Ужас этой «диавольской силы», о которой говорит епископ Алардето, яснее всего чувствуют в Кальвине жертвы его, пытаемые в застенках Женевской Инквизиции. Может быть, в горячечном бреду, после пытки, он кажется им каким-то неземным чудовищем — огромным, в человеческий рост, крестовым пауком.

«Кротким да будет судия, и, если даже, по необходимости, будет суров, да плачет сердце его и да истекает слезами», — учит Кальвин судей-палачей.[97] Что это: ложь, лицемерие? Нет, правда. Плачет «нежное» сердце у него самого, когда он слышит стоны пытаемых жертв. Но это не мешает ему видеть «особое Предопределение Божие» в том, что топор палача соскользнул на плахе с шеи двух казнимых и смертная мука их продлилась.[98]

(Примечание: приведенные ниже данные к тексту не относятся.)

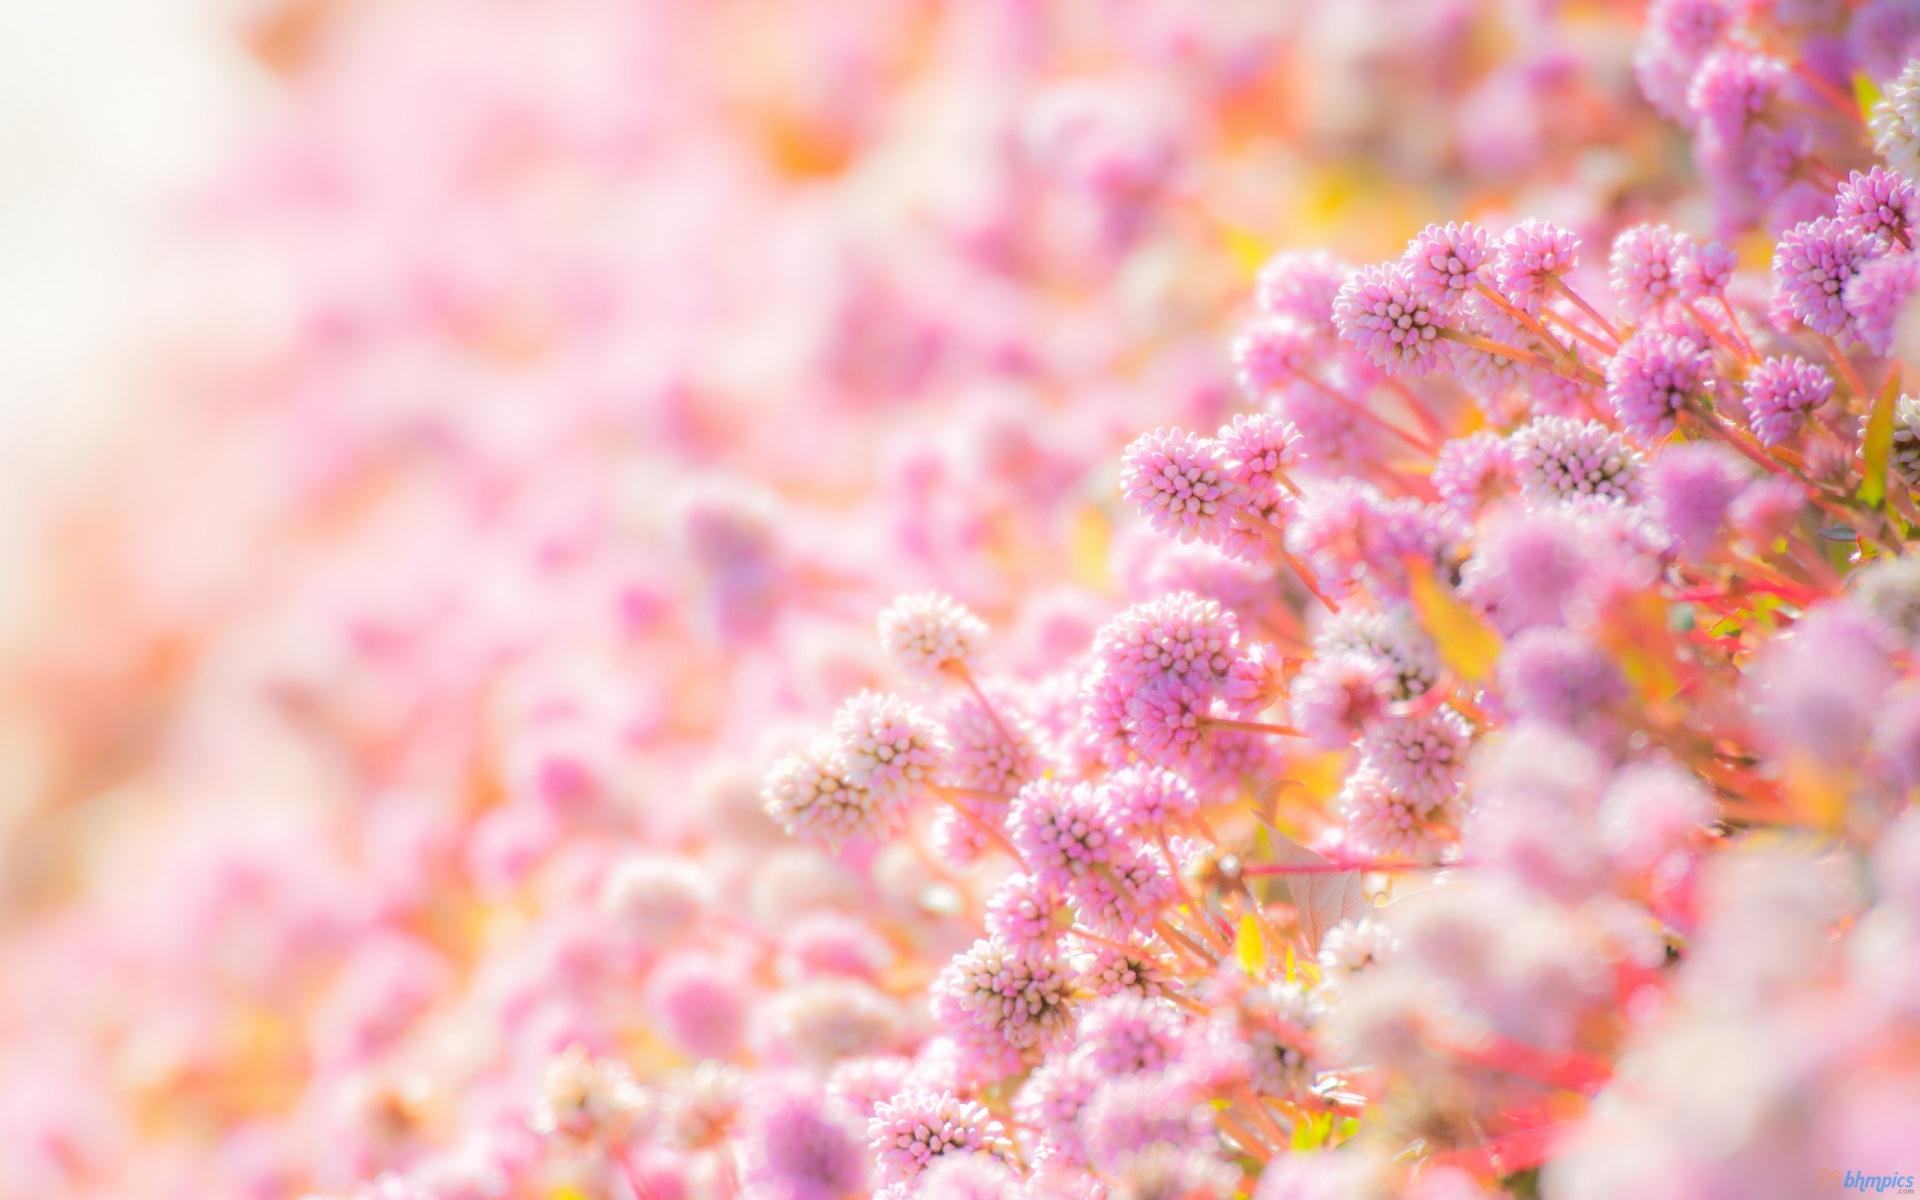 بالصور اكبر مجموعة من صور الورد الرائعة 20160712 1812
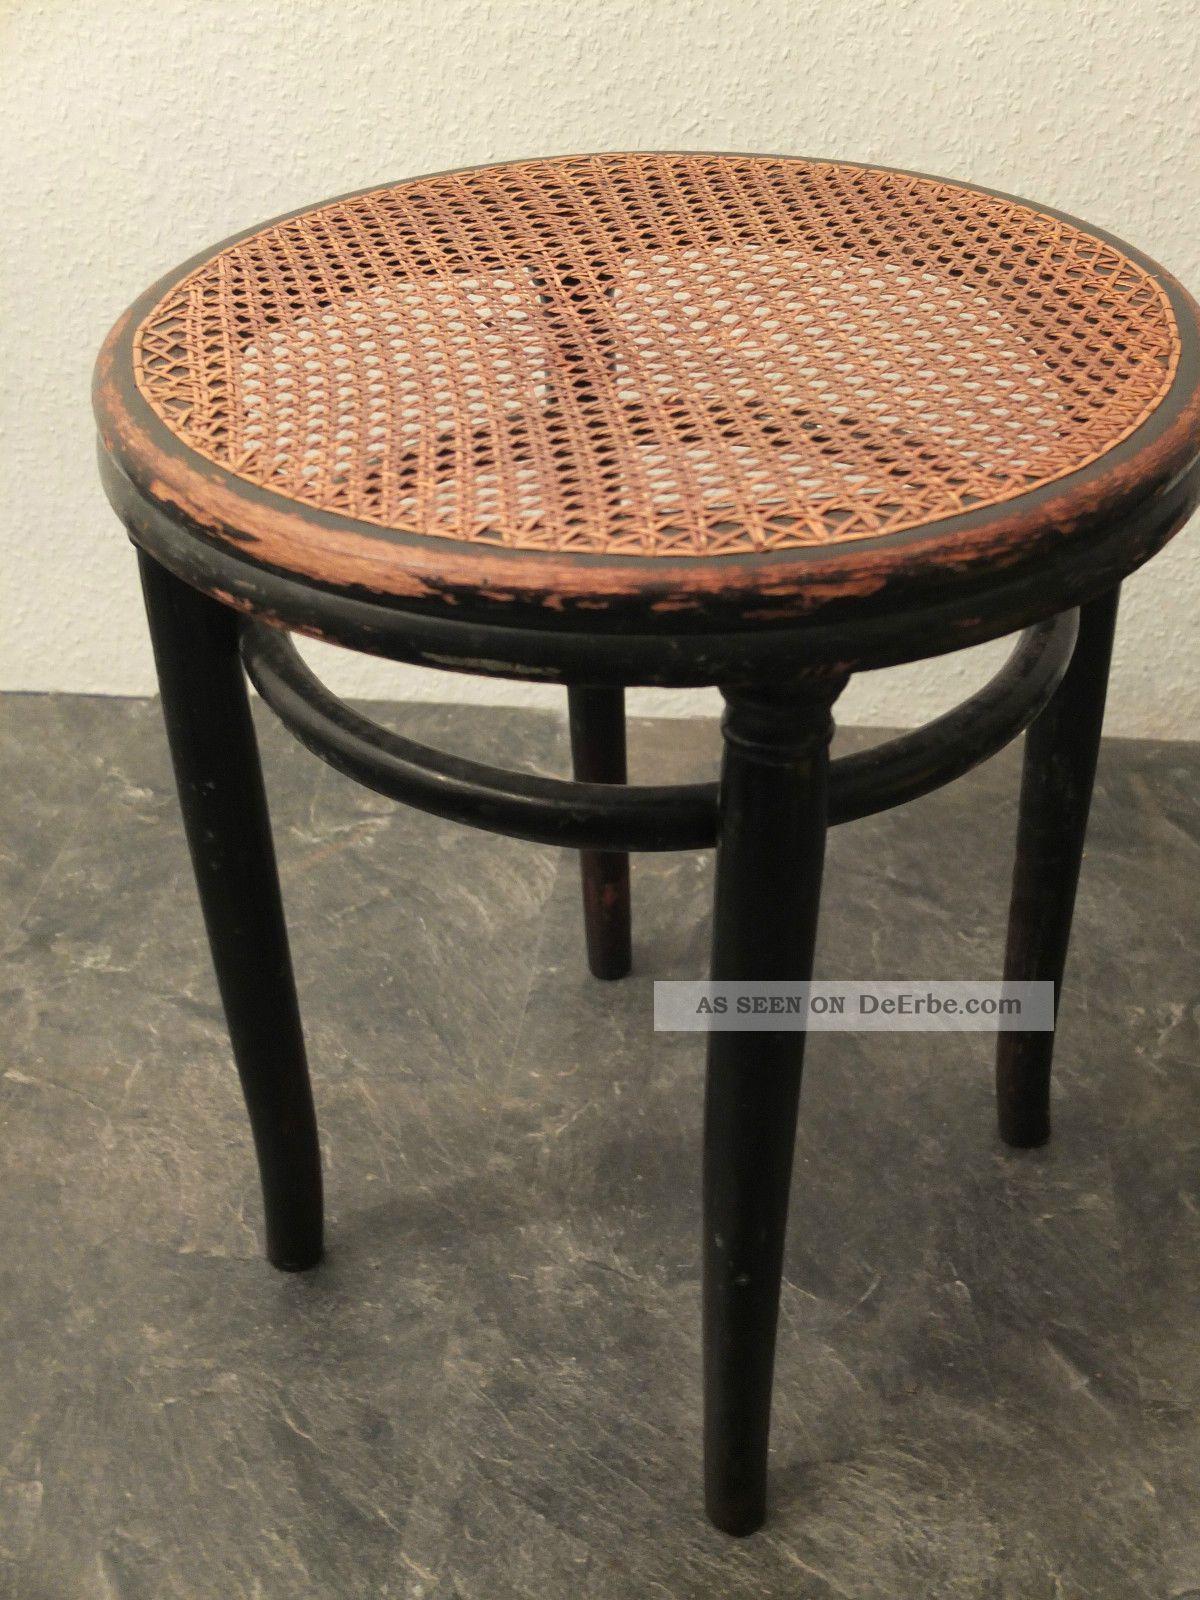 Thonet hocker mit geflecht kaffeehaus stuhl bugholz mit for Design stuhl geflecht

«Так как Господу было угодно вовлечь нас в эту войну… мы будем сражаться в ней до конца… под знаменем Его». Знамя — Крест. Но лучше бы не было креста на пауке; лучше бы не было на Кальвине.

Кто же создал это неземное чудовище, Бог или диавол?

«Там (в море) этот Левиафан, которого Ты создал играть в нем», — говорит человек Богу, и Бог — человеку:

Можешь ли удою вытащить Левиафана?.. Вденешь ли кольцо в ноздри его?.. Не упадешь ли от одного взгляда его?.. Угли раскаляет дыхание его… Сердце его твердо, как камень, и жестко, как нижний жернов…

Сила обитает на шее его, и перед ним бежит ужас… Светится за ним стезя; сединою кажется бездна… Нет на земле подобного ему

(Иов, 40:20, 21; 41:1, 13, 14, 16, 24, 25).

«Стольким величием запечатлел его Бог», — можно бы сказать о каждом из этих двух чудовищ — Левиафане и Кальвине. Так первозданны в нем зло и добро, что, может быть, не люди будут судить его, а Тот, Кто создал его таким, каков он есть.

14

В Кальвине присутствует, в высшей степени, то, что Гёте называет демоническим.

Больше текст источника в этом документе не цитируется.